Città e Urbanistica

Periferie/2. Lo Russo (Anci): il programma deve essere la prima tranche di un piano più vasto

M.Fr.

Intervista al presidente della commissione alle Politiche abitative, urbanistica e lavori pubblici dell'Anci

«Questi 200 milioni di euro non risolveranno i problemi del paese. Ma sono un ottimo segnale. E auspico che questo programma rappresenti solo una prima tranche di un vasto piano». Stefano Lo Russo, assessore all'Urbanistica di Torino e presidente della commissione dell'Anci su Politiche abitative, urbanistica e lavori pubblici sottolinea tre volte l'importanza di questo impegno di risorse da parte dello Stato in un momento di grande difficoltà per le finanze pubbliche.

Assessore Lo Russo, i requisiti del bando per individuare le aree degradate sono molto ampi. Non crede che questo allarghi il campo d'azione invece di concentrare le risorse dove maggiormente serve?

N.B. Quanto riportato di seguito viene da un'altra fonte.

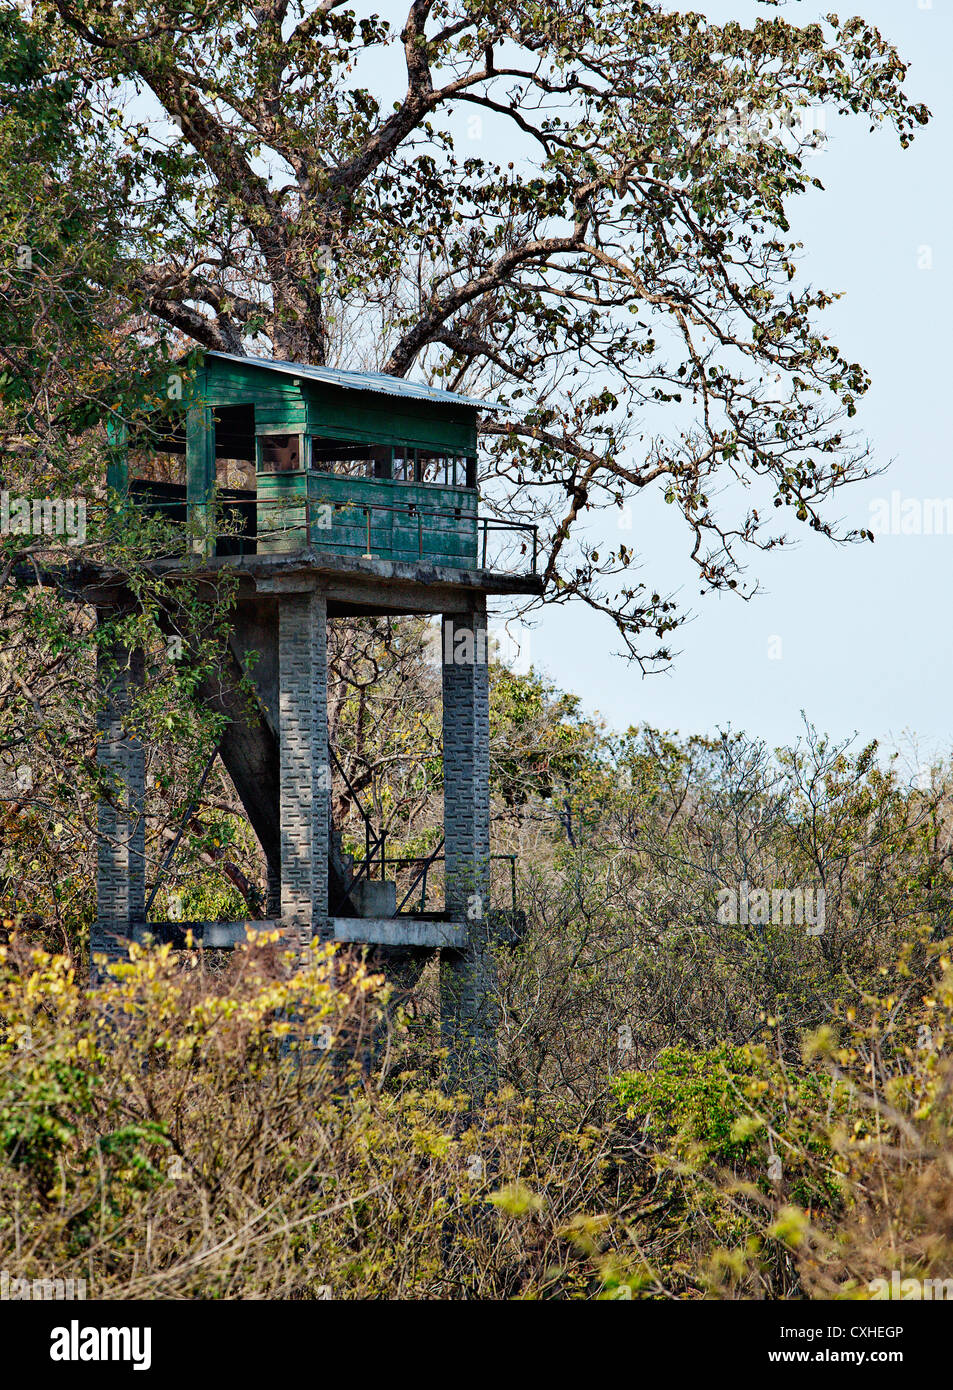 Wachturm für Tierbeobachtung in Dhikala Bereich in Jim Corbett Tiger Reserve, Indien. Stockfoto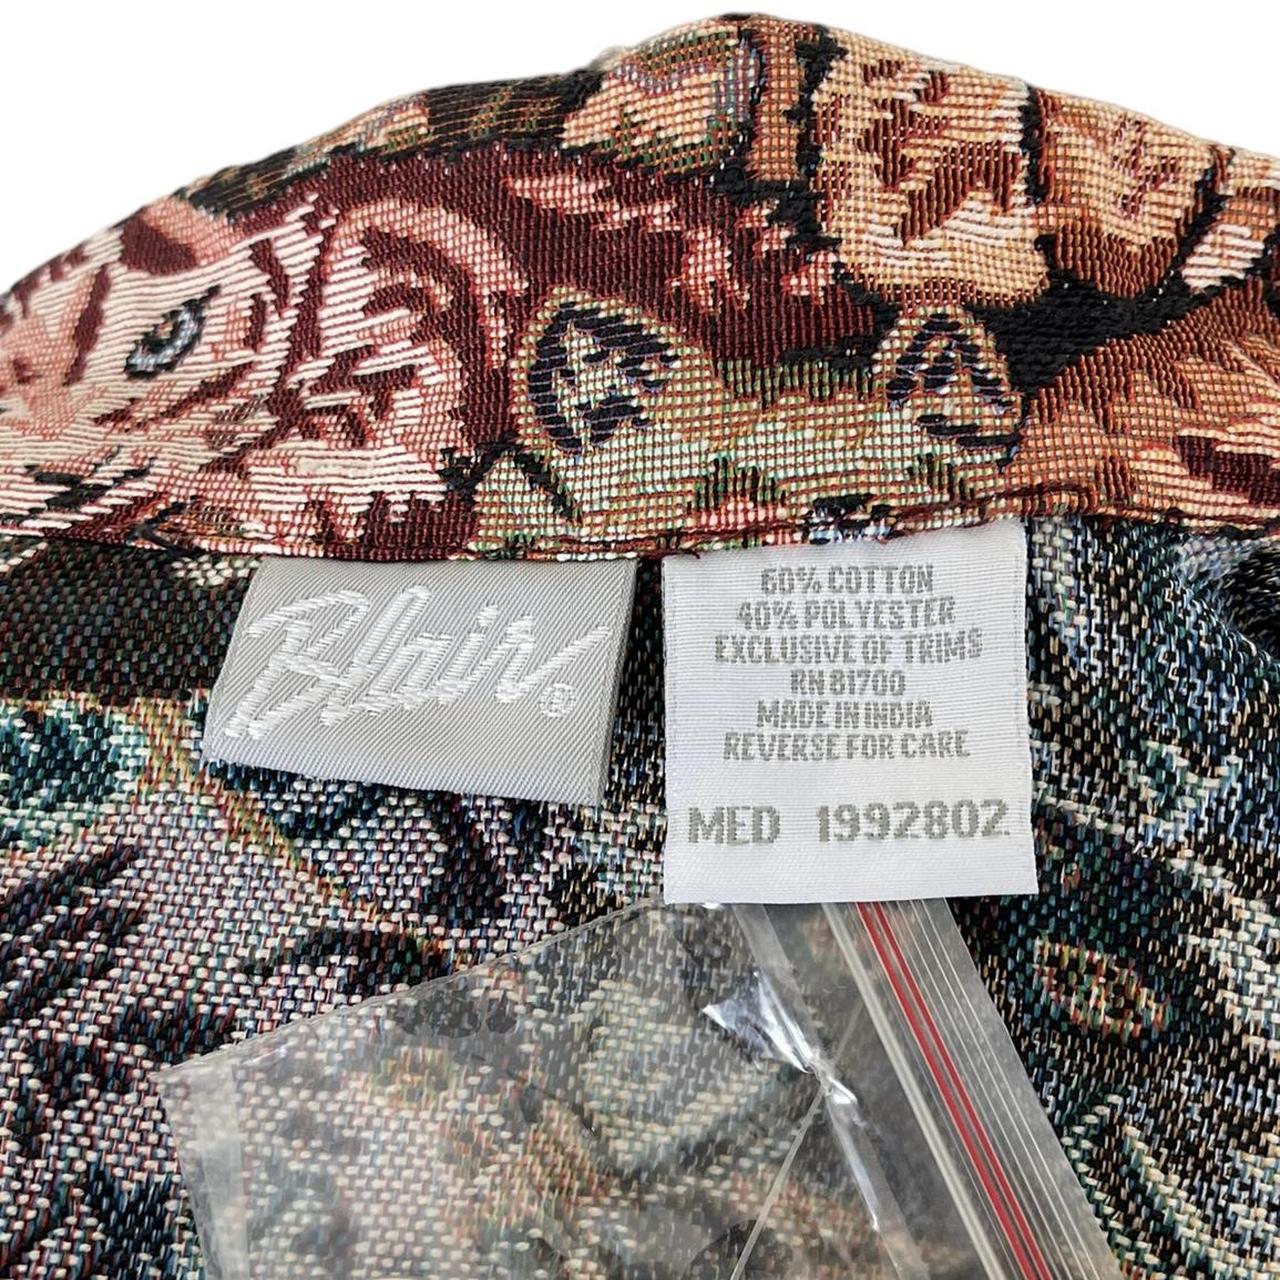 Blair, Jackets & Coats, Vintage Cat Tapestry Jacket

Il bando è apertissimo, è vero, ma a me pare un motivo di vanto: consentiamo a tutti i comuni italiani di rispondere ai problemi di disagio, che non è solo al Sud, non è solo nelle grandi città, non è solamente nelle aree depresse. Anche l'immigrazione è un tema nazionale. Ribadisco: non è vero che il disagio è nelle grandi città e basta.

Se si guarda al respiro che avevano gli ambiziosi piani di intervento urbano - Pru, Prusst, Urban, Contratti di quartiere - non le sembra che questo piano periferie sia una evoluzione in peggio?
È difficile esprimere valutazioni. Le condizioni della finanza pubblica e del mercato immobiliare in quegli anni sono strutturalmente diverse da quelle di oggi. Esiste un mondo pre-2008 e un mondo post-2008. La crisi immobiliare ha fatto un differenza gigantesca. C'è poi un secondo elemento, ed è che insieme alla crisi immobiliare abbiamo avuto una crisi economica, che sta producendo fenomeni di marginalità inediti. Non si può giudicare con gli occhi del passato. Io dò invece una valutazione diversa. Questi 200 milioni di euro non risolveranno i problemi del Paese. Ma sono un ottimo segnale. Auspico che questo programma rappresenti solo una prima tranche di un vasto piano. Io sono fiducioso che il programma raggiungerà gli obiettivi che si dà. È una componente di una strategia che certamente non basta, ma che va nella direzione giusta.

Secondo lei, da questo programma nazionale emergerà il volto di una "periferia-Italia" che merita di essere salvata dal degrado, oppure avremo una semplice lista di interventi?
Questo lo vedremo. Io non attribuisco poteri miracolosi a questo programma. Certamente vale quello che dicevo prima: pone risorse consistenti con un meccanismo premiale. E mette questo programma sotto gli occhi dei cittadini, che potranno verificare la realizzazione.

A parte la scadenza del 30 novembre per inviare i progetti, nel bando non sono indicate altri termini attuativi. Tutto sarà scritto nelle convenzioni e negli accordi di programma. Questo significa che ogni comune potrà avere termini differenziati per l'attuazione?
Esattamente. Io devo poter verificare l'attuazione del piano nei tre anni, ma, a seconda della complessità del progetto, sarà possibile avere scadenze diverse per attuarlo.

Il bando parla di monitoraggio ma non dice come, e se, l'attuazione sarà misurata rispetto al progetto finanziato.
È un elemento di cui si parlerà all'interno del comitato. Sarà compito della commissione rendere oggettivi gli strumenti per misurare la riduzione del degrado sociale. Si dovrà trovare su questo una convergenza. La cosa è invece più semplice nel caso dei progetti di riqualificazione urbana: o vengono realizzati entro i termini oppure non vengono realizzati. Sul monitoraggio mi viene in mente l'esperienza nel mio Comune, Torino, dove abbiamo una serie di programmi di recupero urbano, nati negli anni '80-'90, per i quali abbiamo attivato una "cabina di pilotaggio" con la prefettura e la Regione. Questa modalità permette di verificare, con verbali periodici, lo stato di attuazione del programma. Il governo è rappresentato dalla prefettura competente. Anche su questo la discussione sarà affrontata in seno al comitato.